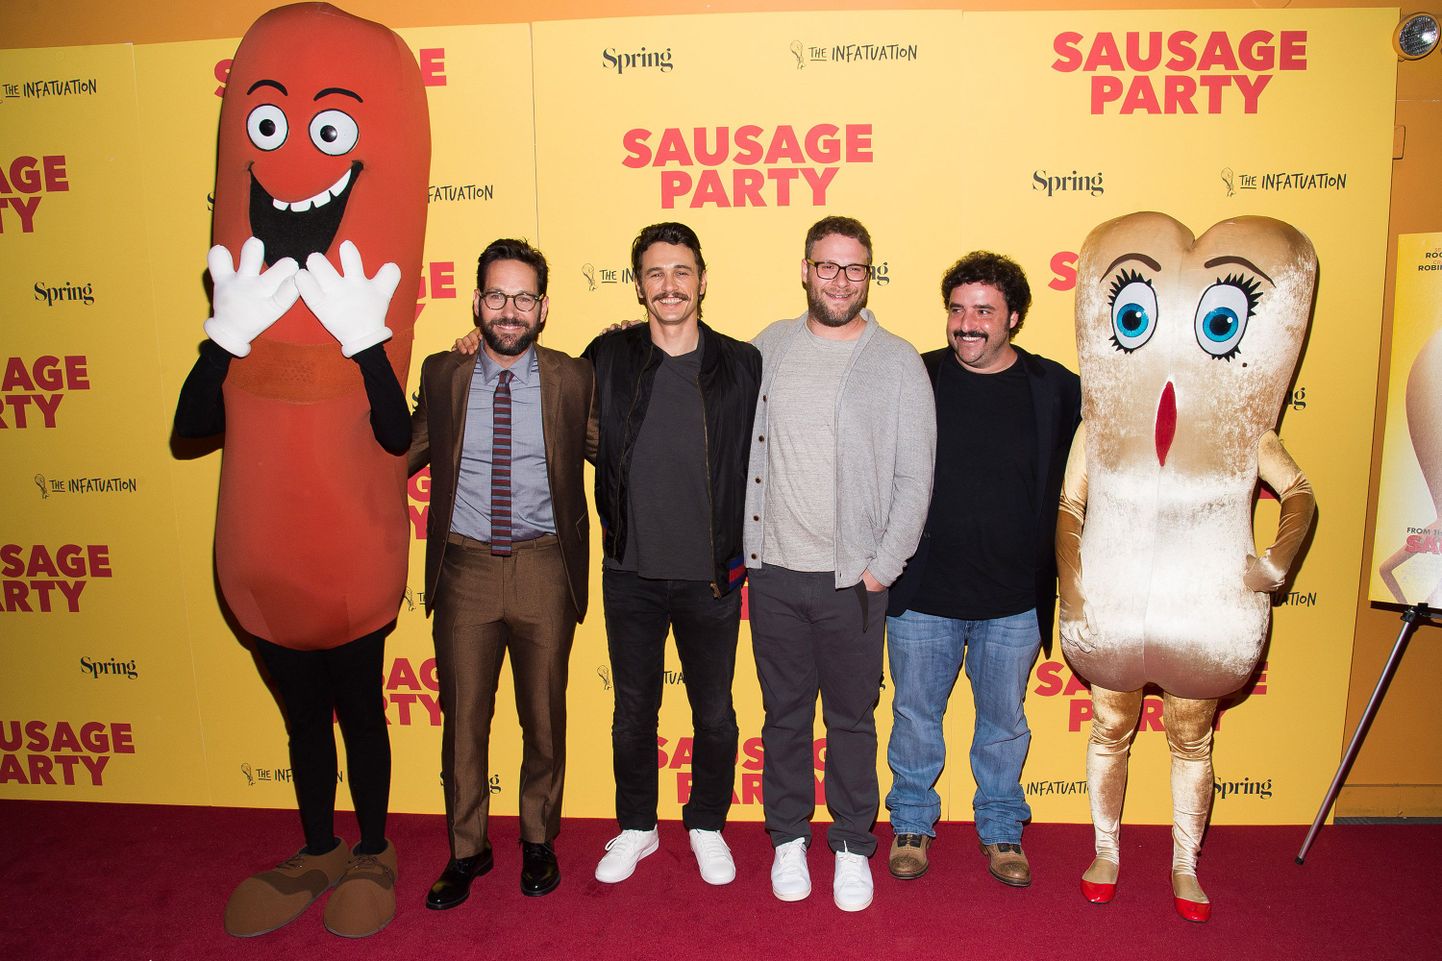 "Sausage Party" osatäitjad Paul Rudd, James Franco, Seth Rogen ja David Krumholtz
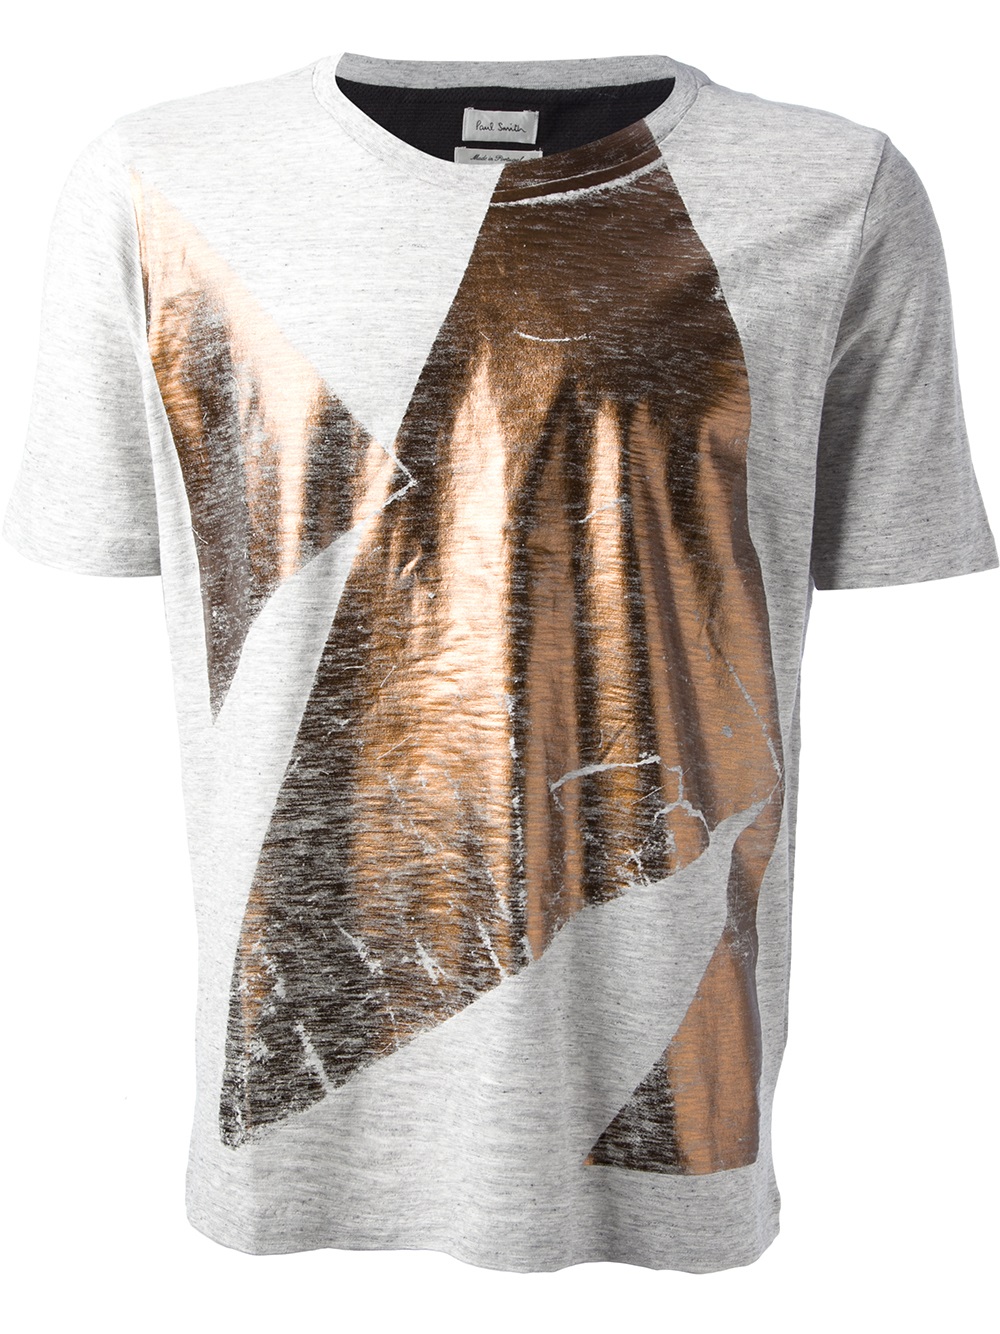 Paul Smith Metallic Panel T-shirt in Grey (Gray) for Men - Lyst
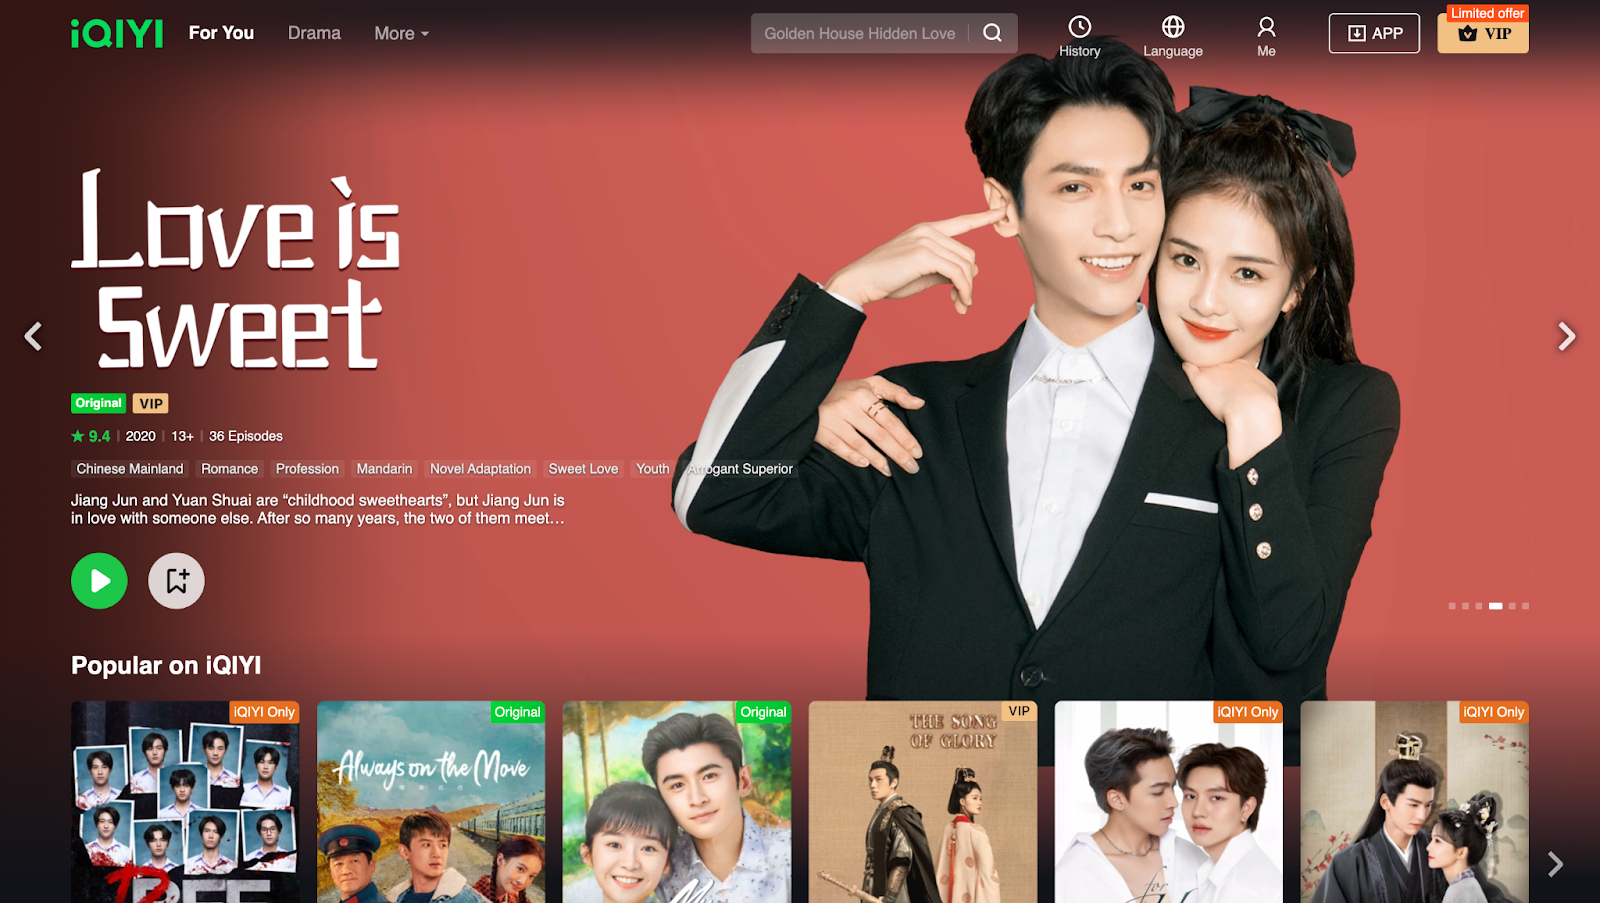 iQIYI homepage featuring Love is Sweet

·····

▶ WORK TASK: Could you transcribe the material above exactly, keeping every picture out?

▶ REPLY:
 "Sausage Party" osatäitjad Paul Rudd, James Franco, Seth Rogen ja David Krumholtz
 Paul Smith Metallic Panel T-shirt in Grey (Gray) for Men - Lyst
 iQIYI homepage featuring Love is Sweet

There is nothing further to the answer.